§ **Task to complete**
Repeat the entries below exactly and in full.

● ● ● ●

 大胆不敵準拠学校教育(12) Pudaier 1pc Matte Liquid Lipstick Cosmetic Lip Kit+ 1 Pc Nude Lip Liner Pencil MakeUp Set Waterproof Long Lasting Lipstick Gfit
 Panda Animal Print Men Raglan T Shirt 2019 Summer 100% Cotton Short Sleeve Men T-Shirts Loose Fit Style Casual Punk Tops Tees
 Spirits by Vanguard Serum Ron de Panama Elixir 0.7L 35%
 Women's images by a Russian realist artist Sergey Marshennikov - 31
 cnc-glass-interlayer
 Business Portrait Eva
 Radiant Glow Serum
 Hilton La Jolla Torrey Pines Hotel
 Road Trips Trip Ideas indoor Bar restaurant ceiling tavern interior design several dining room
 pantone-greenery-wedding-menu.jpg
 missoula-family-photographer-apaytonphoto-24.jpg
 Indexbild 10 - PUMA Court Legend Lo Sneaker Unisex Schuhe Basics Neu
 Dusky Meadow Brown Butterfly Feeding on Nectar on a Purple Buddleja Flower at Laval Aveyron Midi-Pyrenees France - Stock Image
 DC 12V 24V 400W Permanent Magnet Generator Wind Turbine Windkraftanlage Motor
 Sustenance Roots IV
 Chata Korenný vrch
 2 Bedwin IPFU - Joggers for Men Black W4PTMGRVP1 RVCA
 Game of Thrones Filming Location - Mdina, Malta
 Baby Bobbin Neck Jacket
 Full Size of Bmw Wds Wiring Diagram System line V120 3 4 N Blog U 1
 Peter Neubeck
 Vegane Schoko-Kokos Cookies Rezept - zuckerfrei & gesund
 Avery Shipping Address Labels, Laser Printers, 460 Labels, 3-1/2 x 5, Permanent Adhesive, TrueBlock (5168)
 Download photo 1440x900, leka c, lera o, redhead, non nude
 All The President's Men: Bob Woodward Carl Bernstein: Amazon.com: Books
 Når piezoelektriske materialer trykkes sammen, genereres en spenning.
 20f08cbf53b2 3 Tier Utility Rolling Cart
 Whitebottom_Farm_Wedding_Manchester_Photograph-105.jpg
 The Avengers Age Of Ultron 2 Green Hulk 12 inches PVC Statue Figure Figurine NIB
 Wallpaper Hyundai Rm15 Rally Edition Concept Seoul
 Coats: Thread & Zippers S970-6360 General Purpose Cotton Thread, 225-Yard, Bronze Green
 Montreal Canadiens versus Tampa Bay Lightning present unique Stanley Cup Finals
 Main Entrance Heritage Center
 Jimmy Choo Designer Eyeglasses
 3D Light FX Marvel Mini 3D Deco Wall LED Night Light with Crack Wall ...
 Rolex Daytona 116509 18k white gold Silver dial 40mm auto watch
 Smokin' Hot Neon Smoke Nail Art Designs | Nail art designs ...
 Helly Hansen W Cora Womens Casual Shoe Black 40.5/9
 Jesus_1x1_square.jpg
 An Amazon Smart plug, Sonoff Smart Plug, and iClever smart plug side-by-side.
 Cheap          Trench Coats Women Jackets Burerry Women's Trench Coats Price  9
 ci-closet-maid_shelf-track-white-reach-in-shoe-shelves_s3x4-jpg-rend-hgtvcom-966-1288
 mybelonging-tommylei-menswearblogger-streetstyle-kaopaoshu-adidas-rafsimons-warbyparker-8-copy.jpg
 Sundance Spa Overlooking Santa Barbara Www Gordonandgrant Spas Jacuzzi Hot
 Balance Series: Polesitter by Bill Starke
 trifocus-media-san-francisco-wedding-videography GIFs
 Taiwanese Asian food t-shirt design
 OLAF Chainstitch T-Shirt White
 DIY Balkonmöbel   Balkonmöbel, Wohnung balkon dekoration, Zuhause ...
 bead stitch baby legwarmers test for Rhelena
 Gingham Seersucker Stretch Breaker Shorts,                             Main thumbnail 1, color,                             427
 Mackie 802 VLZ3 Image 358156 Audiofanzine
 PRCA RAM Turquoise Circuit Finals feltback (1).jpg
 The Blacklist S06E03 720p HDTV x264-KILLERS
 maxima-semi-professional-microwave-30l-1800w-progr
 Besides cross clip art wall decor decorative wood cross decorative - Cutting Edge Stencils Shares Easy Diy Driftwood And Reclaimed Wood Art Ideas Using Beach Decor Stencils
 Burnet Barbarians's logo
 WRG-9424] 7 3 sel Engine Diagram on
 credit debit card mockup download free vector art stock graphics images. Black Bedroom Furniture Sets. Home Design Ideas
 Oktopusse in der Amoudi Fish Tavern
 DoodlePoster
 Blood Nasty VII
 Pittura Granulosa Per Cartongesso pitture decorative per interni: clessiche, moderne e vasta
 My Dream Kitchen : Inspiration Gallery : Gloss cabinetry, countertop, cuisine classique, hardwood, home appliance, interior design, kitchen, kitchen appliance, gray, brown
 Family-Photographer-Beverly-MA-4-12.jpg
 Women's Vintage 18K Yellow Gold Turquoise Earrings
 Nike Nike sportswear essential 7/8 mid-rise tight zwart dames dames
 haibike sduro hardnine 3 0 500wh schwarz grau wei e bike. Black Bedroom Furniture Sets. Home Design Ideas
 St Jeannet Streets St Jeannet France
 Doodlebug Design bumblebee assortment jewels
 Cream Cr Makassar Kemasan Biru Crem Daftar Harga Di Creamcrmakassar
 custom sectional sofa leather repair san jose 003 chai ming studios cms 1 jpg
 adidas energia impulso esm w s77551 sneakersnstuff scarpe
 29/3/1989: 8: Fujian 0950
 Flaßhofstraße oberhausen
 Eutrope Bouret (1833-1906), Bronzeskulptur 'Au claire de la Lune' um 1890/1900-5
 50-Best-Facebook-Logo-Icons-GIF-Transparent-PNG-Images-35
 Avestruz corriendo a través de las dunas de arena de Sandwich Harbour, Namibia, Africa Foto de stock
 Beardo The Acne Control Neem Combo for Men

● ● ● ●

§ **Exercise response**
 大胆不敵準拠学校教育(12) Pudaier 1pc Matte Liquid Lipstick Cosmetic Lip Kit+ 1 Pc Nude Lip Liner Pencil MakeUp Set Waterproof Long Lasting Lipstick Gfit
 Panda Animal Print Men Raglan T Shirt 2019 Summer 100% Cotton Short Sleeve Men T-Shirts Loose Fit Style Casual Punk Tops Tees
 Spirits by Vanguard Serum Ron de Panama Elixir 0.7L 35%
 Women's images by a Russian realist artist Sergey Marshennikov - 31
 cnc-glass-interlayer
 Business Portrait Eva
 Radiant Glow Serum
 Hilton La Jolla Torrey Pines Hotel
 Road Trips Trip Ideas indoor Bar restaurant ceiling tavern interior design several dining room
 pantone-greenery-wedding-menu.jpg
 missoula-family-photographer-apaytonphoto-24.jpg
 Indexbild 10 - PUMA Court Legend Lo Sneaker Unisex Schuhe Basics Neu
 Dusky Meadow Brown Butterfly Feeding on Nectar on a Purple Buddleja Flower at Laval Aveyron Midi-Pyrenees France - Stock Image
 DC 12V 24V 400W Permanent Magnet Generator Wind Turbine Windkraftanlage Motor
 Sustenance Roots IV
 Chata Korenný vrch
 2 Bedwin IPFU - Joggers for Men Black W4PTMGRVP1 RVCA
 Game of Thrones Filming Location - Mdina, Malta
 Baby Bobbin Neck Jacket
 Full Size of Bmw Wds Wiring Diagram System line V120 3 4 N Blog U 1
 Peter Neubeck
 Vegane Schoko-Kokos Cookies Rezept - zuckerfrei & gesund
 Avery Shipping Address Labels, Laser Printers, 460 Labels, 3-1/2 x 5, Permanent Adhesive, TrueBlock (5168)
 Download photo 1440x900, leka c, lera o, redhead, non nude
 All The President's Men: Bob Woodward Carl Bernstein: Amazon.com: Books
 Når piezoelektriske materialer trykkes sammen, genereres en spenning.
 20f08cbf53b2 3 Tier Utility Rolling Cart
 Whitebottom_Farm_Wedding_Manchester_Photograph-105.jpg
 The Avengers Age Of Ultron 2 Green Hulk 12 inches PVC Statue Figure Figurine NIB
 Wallpaper Hyundai Rm15 Rally Edition Concept Seoul
 Coats: Thread & Zippers S970-6360 General Purpose Cotton Thread, 225-Yard, Bronze Green
 Montreal Canadiens versus Tampa Bay Lightning present unique Stanley Cup Finals
 Main Entrance Heritage Center
 Jimmy Choo Designer Eyeglasses
 3D Light FX Marvel Mini 3D Deco Wall LED Night Light with Crack Wall ...
 Rolex Daytona 116509 18k white gold Silver dial 40mm auto watch
 Smokin' Hot Neon Smoke Nail Art Designs | Nail art designs ...
 Helly Hansen W Cora Womens Casual Shoe Black 40.5/9
 Jesus_1x1_square.jpg
 An Amazon Smart plug, Sonoff Smart Plug, and iClever smart plug side-by-side.
 Cheap          Trench Coats Women Jackets Burerry Women's Trench Coats Price  9
 ci-closet-maid_shelf-track-white-reach-in-shoe-shelves_s3x4-jpg-rend-hgtvcom-966-1288
 mybelonging-tommylei-menswearblogger-streetstyle-kaopaoshu-adidas-rafsimons-warbyparker-8-copy.jpg
 Sundance Spa Overlooking Santa Barbara Www Gordonandgrant Spas Jacuzzi Hot
 Balance Series: Polesitter by Bill Starke
 trifocus-media-san-francisco-wedding-videography GIFs
 Taiwanese Asian food t-shirt design
 OLAF Chainstitch T-Shirt White
 DIY Balkonmöbel   Balkonmöbel, Wohnung balkon dekoration, Zuhause ...
 bead stitch baby legwarmers test for Rhelena
 Gingham Seersucker Stretch Breaker Shorts,                             Main thumbnail 1, color,                             427
 Mackie 802 VLZ3 Image 358156 Audiofanzine
 PRCA RAM Turquoise Circuit Finals feltback (1).jpg
 The Blacklist S06E03 720p HDTV x264-KILLERS
 maxima-semi-professional-microwave-30l-1800w-progr
 Besides cross clip art wall decor decorative wood cross decorative - Cutting Edge Stencils Shares Easy Diy Driftwood And Reclaimed Wood Art Ideas Using Beach Decor Stencils
 Burnet Barbarians's logo
 WRG-9424] 7 3 sel Engine Diagram on
 credit debit card mockup download free vector art stock graphics images. Black Bedroom Furniture Sets. Home Design Ideas
 Oktopusse in der Amoudi Fish Tavern
 DoodlePoster
 Blood Nasty VII
 Pittura Granulosa Per Cartongesso pitture decorative per interni: clessiche, moderne e vasta
 My Dream Kitchen : Inspiration Gallery : Gloss cabinetry, countertop, cuisine classique, hardwood, home appliance, interior design, kitchen, kitchen appliance, gray, brown
 Family-Photographer-Beverly-MA-4-12.jpg
 Women's Vintage 18K Yellow Gold Turquoise Earrings
 Nike Nike sportswear essential 7/8 mid-rise tight zwart dames dames
 haibike sduro hardnine 3 0 500wh schwarz grau wei e bike. Black Bedroom Furniture Sets. Home Design Ideas
 St Jeannet Streets St Jeannet France
 Doodlebug Design bumblebee assortment jewels
 Cream Cr Makassar Kemasan Biru Crem Daftar Harga Di Creamcrmakassar
 custom sectional sofa leather repair san jose 003 chai ming studios cms 1 jpg
 adidas energia impulso esm w s77551 sneakersnstuff scarpe
 29/3/1989: 8: Fujian 0950
 Flaßhofstraße oberhausen
 Eutrope Bouret (1833-1906), Bronzeskulptur 'Au claire de la Lune' um 1890/1900-5
 50-Best-Facebook-Logo-Icons-GIF-Transparent-PNG-Images-35
 Avestruz corriendo a través de las dunas de arena de Sandwich Harbour, Namibia, Africa Foto de stock
 Beardo The Acne Control Neem Combo for Men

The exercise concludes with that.